Probably the only thing I haven't done is the suggestion for the shanks mine alway get ground but maybe ill rethink it and try something different with them.

Ricekila
04-18-2018, 10:17 AM
The way I've done it wrong -- I had someone else do it --- very high on my to-do list -- butcher my own -- when it happens I'll need a good teacher -- I know I'll screw it up some how -- LOL

hawgrider
04-18-2018, 10:29 AM
The way I've done it wrong -- I had someone else do it --- very high on my to-do list -- butcher my own -- when it happens I'll need a good teacher -- I know I'll screw it up some how -- LOL

Its not that hard. De bone separate the muscle groups slice against the grain.
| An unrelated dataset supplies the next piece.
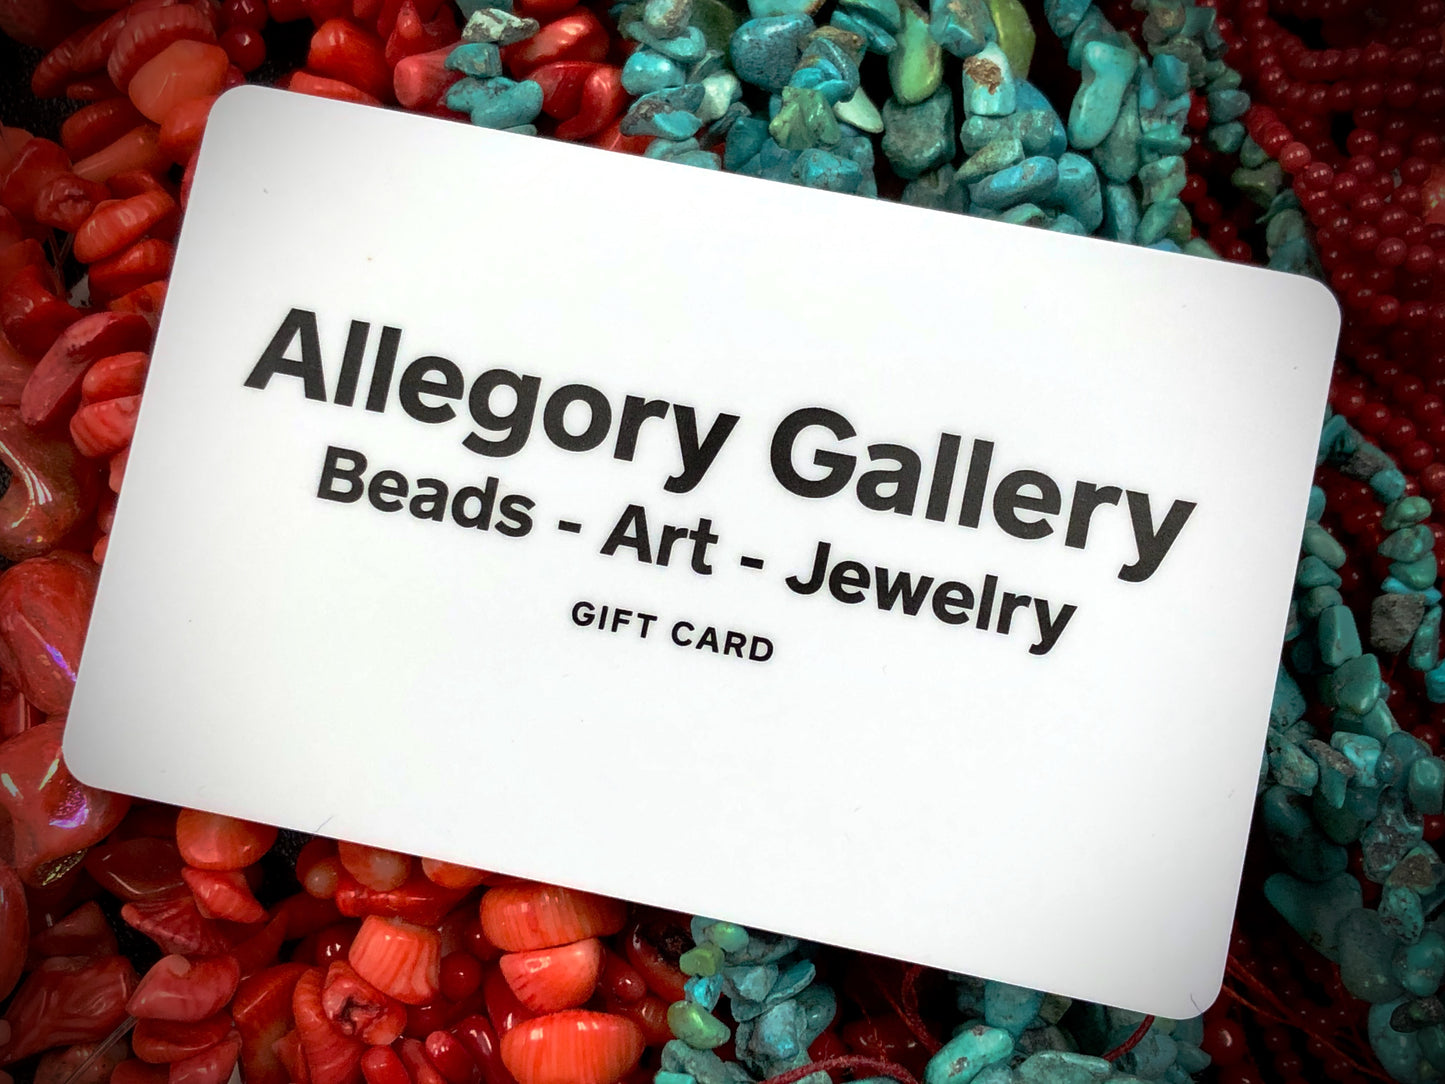 Allegory Gallery Gift Card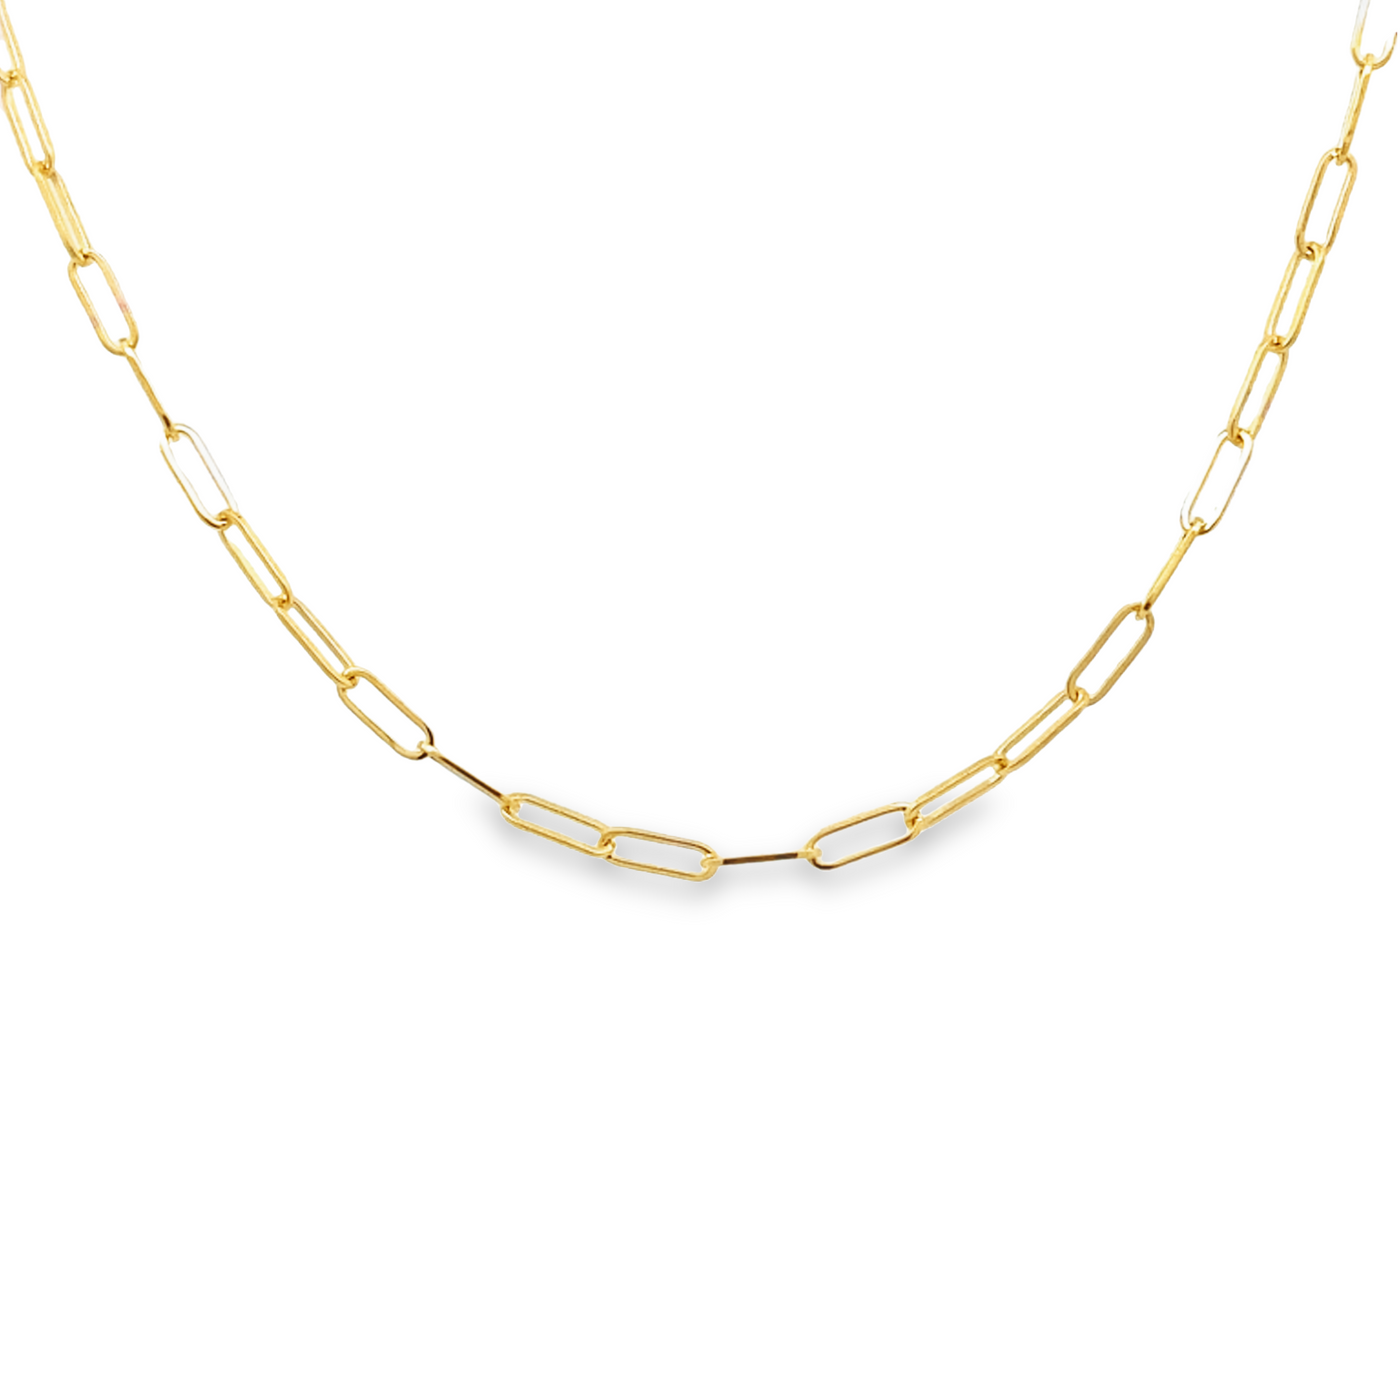 10 Karat Yellow Thin Gold Paperclip Necklace

Grind what ever looks like hell. The more times you do it the better you get at it.

shootbrownelk
04-20-2018, 09:04 AM
Good article! Neck roast I've done bone in, bone out,
And just grind as it depends on what I want.
Probably the only thing I haven't done is the suggestion for the shanks mine alway get ground but maybe ill rethink it and try something different with them.

I do my elk shanks like mentioned in the article. I cut them into 3" pieces,brown them in bacon grease, put them in the slow cooker with some water mixed with "Better than Beef" paste and a packet of Lipton's dry onion soup mix and simmer all day. It's sure better than tossing them or grinding them with all that connective tissue and sinew.